Abstract

This book explores how Mexican and US officials and experts – mainly social scientists – thought about and administered indigenous people. It shows how the concept of race informed their efforts in increasingly complicated and contested ways. Biological determinism gradually lost ground to culture and class, and the desire for cultural assimilation competed with more pluralist visions, although these changes generally proceeded further in Mexico than in the United States. By showing the heterogeneity of expert views, the tensions in their ideas about race, and how they sometimes challenged without wholly overturning dominant ideas of progress, Rosemblatt builds on the central insights of Mexico’s post-revisionist literature on indigenismo. However, the book’s main contribution is to show how US and Mexican discussions connected and influenced each other. Indeed, Rosemblatt argues that experts sometimes obscured these connections and exaggerated national differences to bolster their ideological agendas and professional interests.

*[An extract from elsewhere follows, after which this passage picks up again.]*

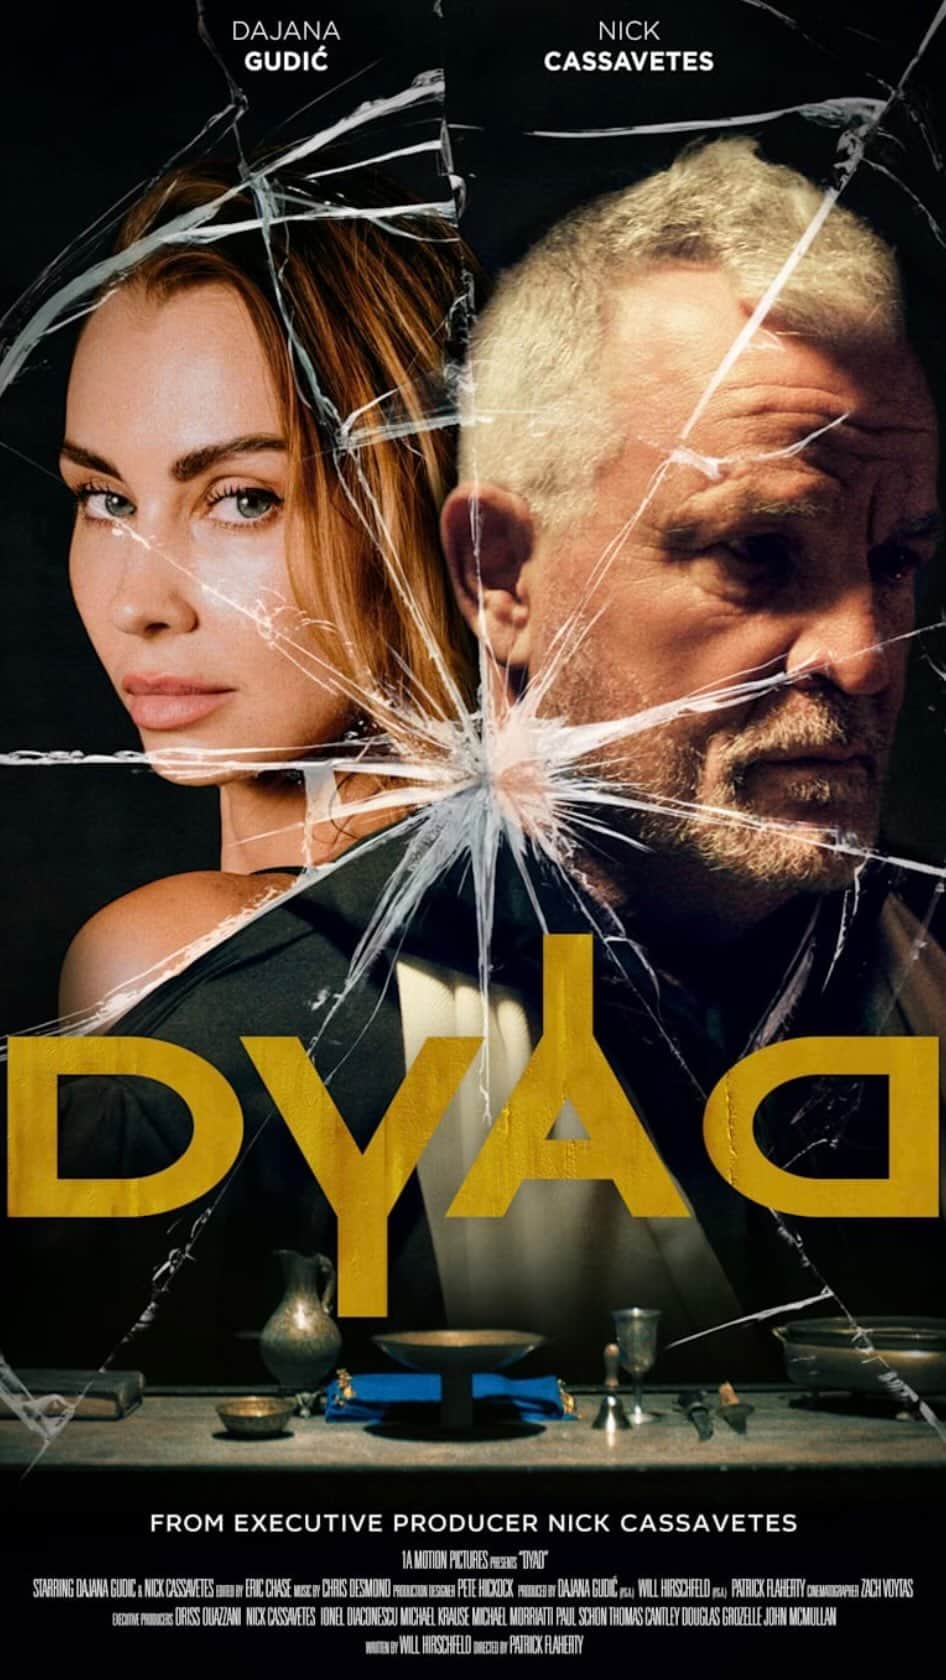 Dajana Gudicのインスタグラム：「SO excited for @dyadthemovie world premiere at @mammothfilmfestival this weekend 🎉 Thank you all for showing so much interest & selling out the theater before I even got to share the details 🥹 Can’t wait to hear what you think of the film! See you guys there ❤️」

The geographic sequencing of the chapters foregrounds the travel of ideas from South to North. Chapter one focuses on Mexican anthropologists and educators in the 1910s and 1920s, particularly Manuel Gamio. It traces Gamio’s years as a student of Franz Boas at Colombia University, but the main argument is that Mexico’s post-revolutionary tumult pushed men like Gamio to experiment with new approaches to race relations, even as they struggled to reconcile their faith in universal progress and scientific rationality with a respect for cultural difference. The chapter also describes the many links between the social sciences and Mexico’s eugenics movement, which generally aligned with the ‘soft’, ‘Latin’ eugenics pushed by the Italian Corrado Gini. Chapter Two analyses US debates in the 1920s, underlining the importance of anxieties about immigration to early US social science, and the persistence of a harder-edged biological racism. Chapter Three then moves into the 1930s and 1940s, focusing on the career of John Collier, US Commissioner of Indian Affairs during the New Deal. The chapter shows the profound influence that Spanish colonial history and post-revolutionary Mexico had on Collier’s efforts to reform US Indian policy; it also shows how, by the 1940s, Collier downplayed these Mexican influences, promoted a supposedly universal model for ethnographically-informed race-relations, and sought to apply it in range of new contexts, from Japanese internment camps to new colonial territories like Guam. The final chapter returns to Mexico, arguing that by the 1940s social scientists had reached a rough consensus: cultural diversity and economic integration were distinct but compatible objectives which, with government help, communities could embrace in tandem. This chapter also proposes an interesting and novel argument about official information-gathering in indigenous communities: according to Rosemblatt, it was driven less by the familiar exigencies of taxation or social control, and more by a kind of epistemic anxiety, as anthropologists struggled to grasp an elusive indigeneity using scientific standards of measurement.
Impressive primary research underpins all these chapters. While many of the key characters – Gamio, Boas, Moisés Sáenz, Robert Redfield, Collier – will be familiar to specialists, Rosemblatt provides an unusually deep sense of the intellectual and institutional context in which they worked; she moves far beyond the standard published works, delving into confidential reports, and personal correspondence with funders, peers and publishers; she also traces subtle and revealing changes between different editions of published works.
This book is a crucial contribution to the new literature on the transnational dimensions of post-revolutionary nation-building, joining recent studies by Anne-Emanuelle Birn, Rubén Flores and Tore Olsson, among others. (Indeed, Mexicanists might have wanted some more discussion of this context, and how the networks that Rosemblatt analyzes compared with those that emerged around public education, agronomy, and public health.) The book also contributes to the literature on US-Latin American relations, showing how the earliest US efforts to develop systematic knowledge about Latin America were driven not by the Cold War but by concerns about racial heterogeneity and immigration in the mainland United States. Finally, it deserves an audience among those interested in the intellectual origins of US Cold War development projects. For example, John Collier – whose search for organic local communities proved a life-long (and ultimately rather quixotic) obsession – emerges as another tributary to the tradition of community development recently analysed by Daniel Immerwahr. In sum, one finishes the book thoroughly convinced by its central thesis: a national frame greatly distorts our understanding of race and science in the period. This deeply-researched book is necessary reading for researchers in a number of interlocking fields.